# Dataset excerpts:
___
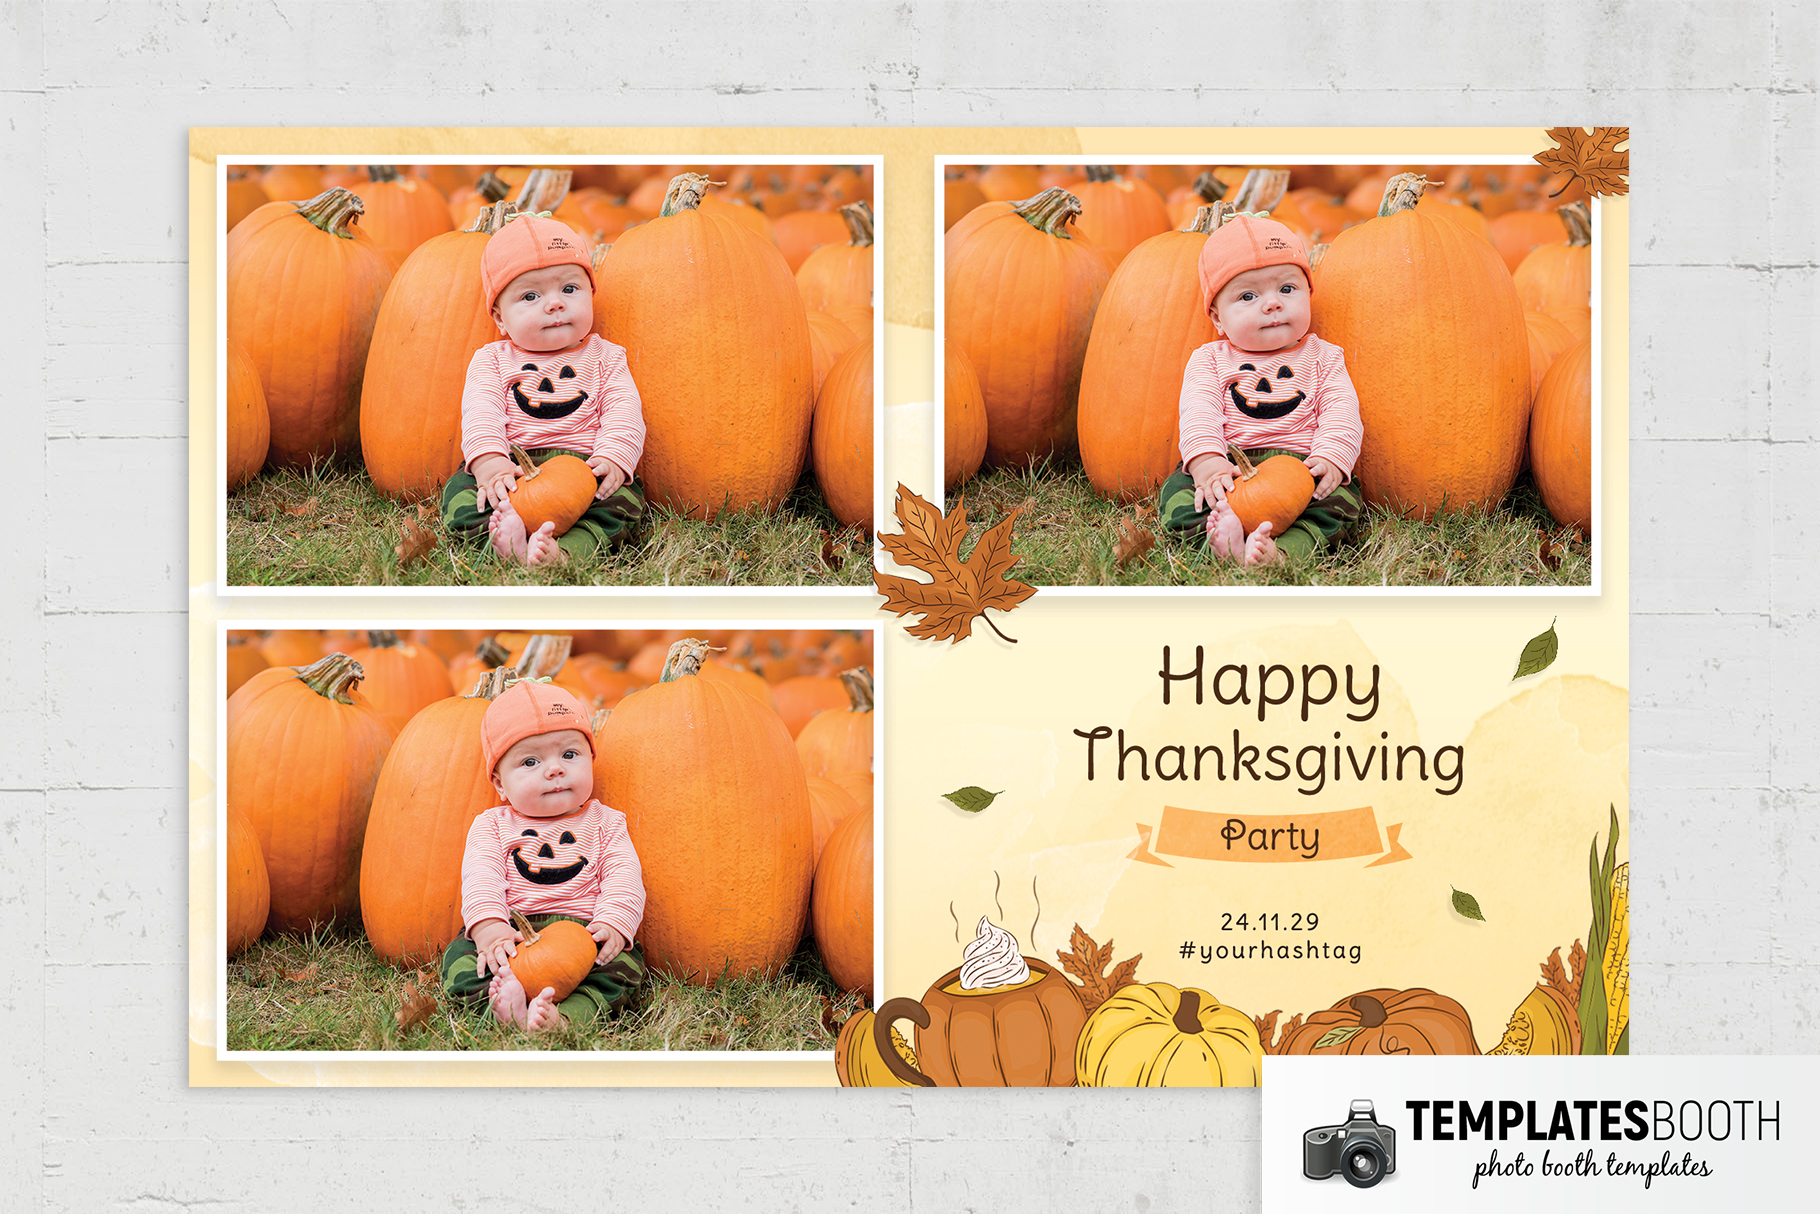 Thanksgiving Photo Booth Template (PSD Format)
___
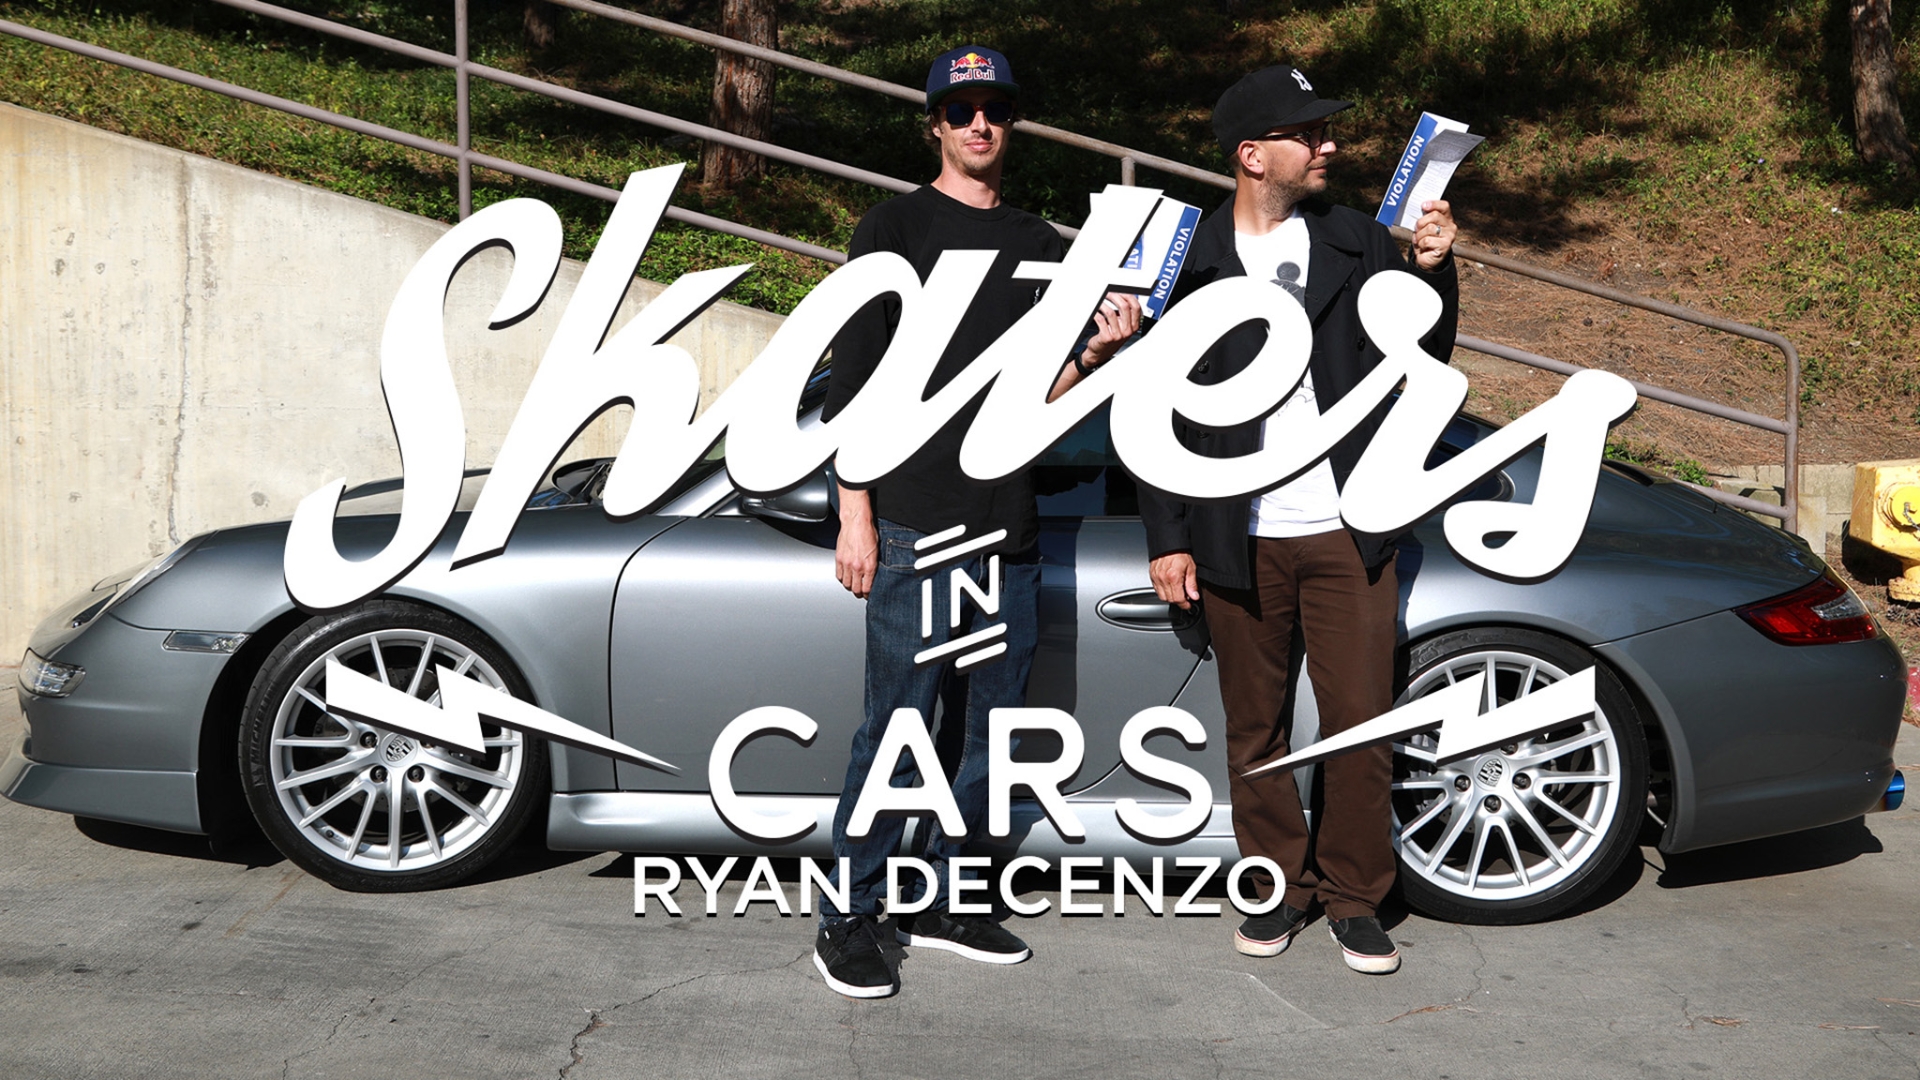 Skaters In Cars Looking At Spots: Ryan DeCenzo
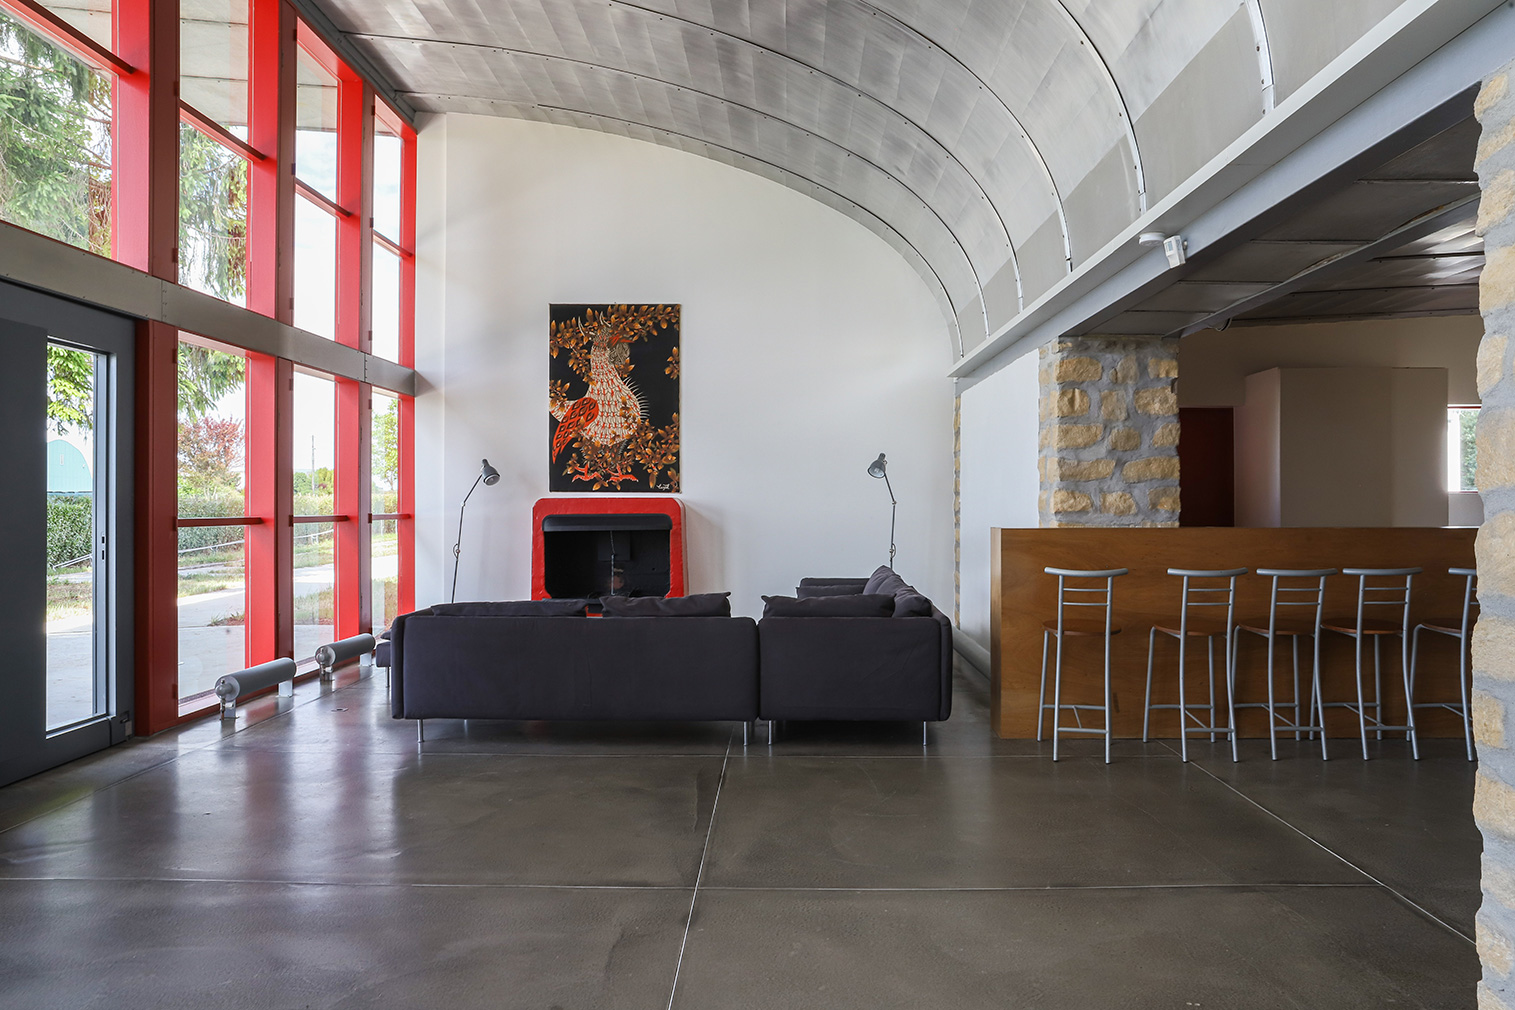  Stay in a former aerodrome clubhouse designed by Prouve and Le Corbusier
___
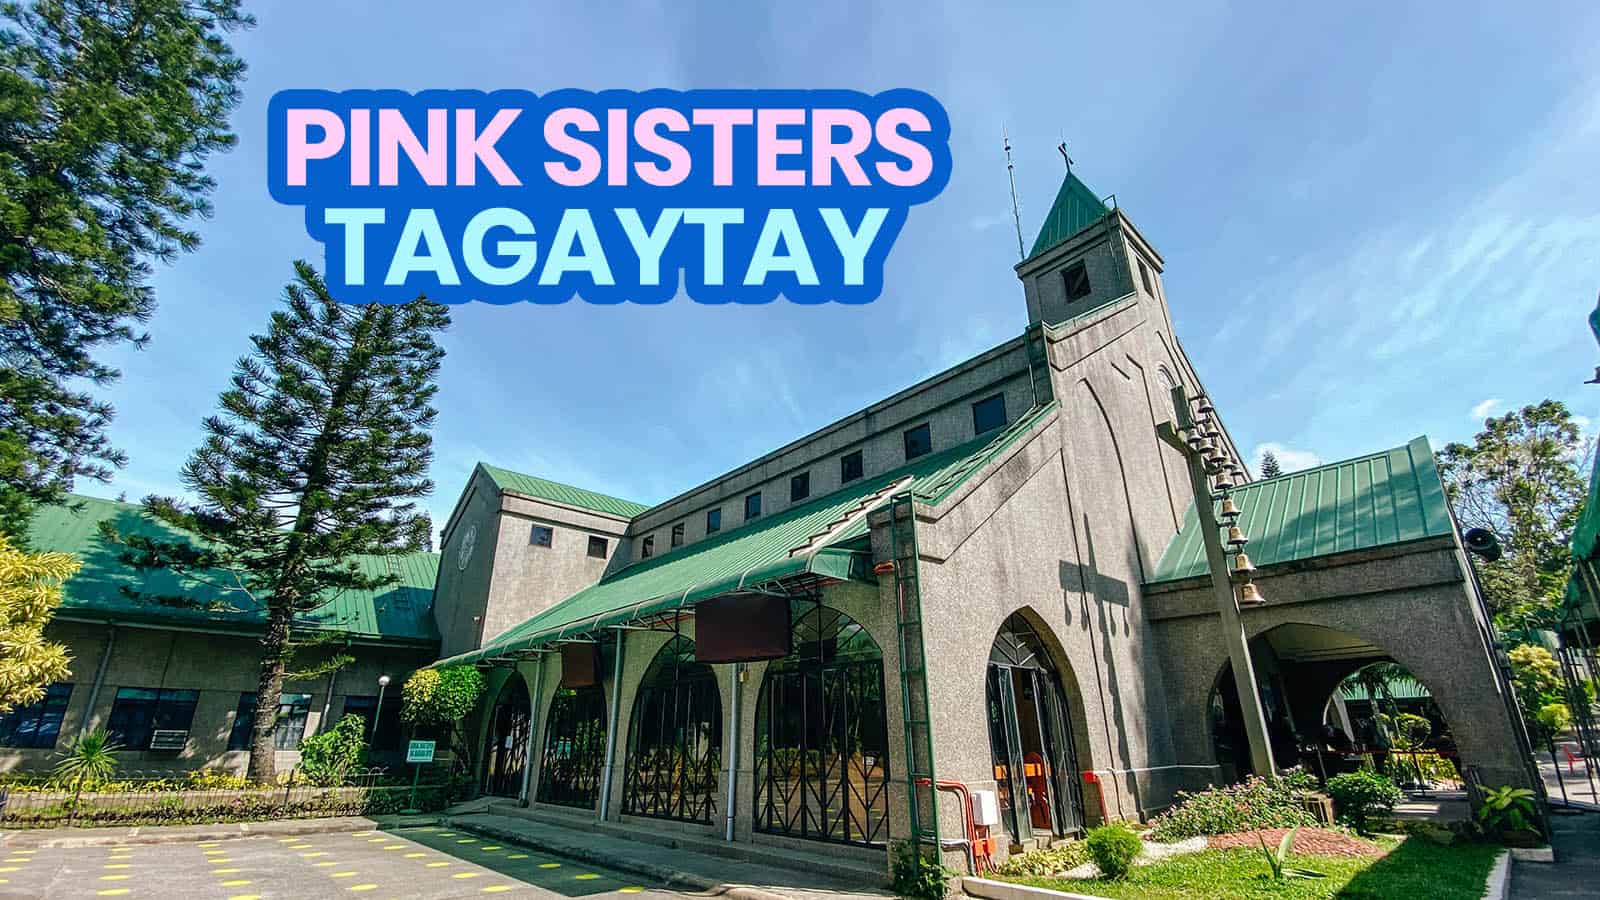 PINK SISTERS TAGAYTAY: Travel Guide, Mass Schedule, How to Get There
___
# Work to complete:
In the entries above, every line from the line with "Skaters In Cars" to the line with "Stay in a former" is to be printed exactly, with both ends included and pictures excluded.

# Output for this exercise:
 Skaters In Cars Looking At Spots: Ryan DeCenzo
  Stay in a former aerodrome clubhouse designed by Prouve and Le Corbusier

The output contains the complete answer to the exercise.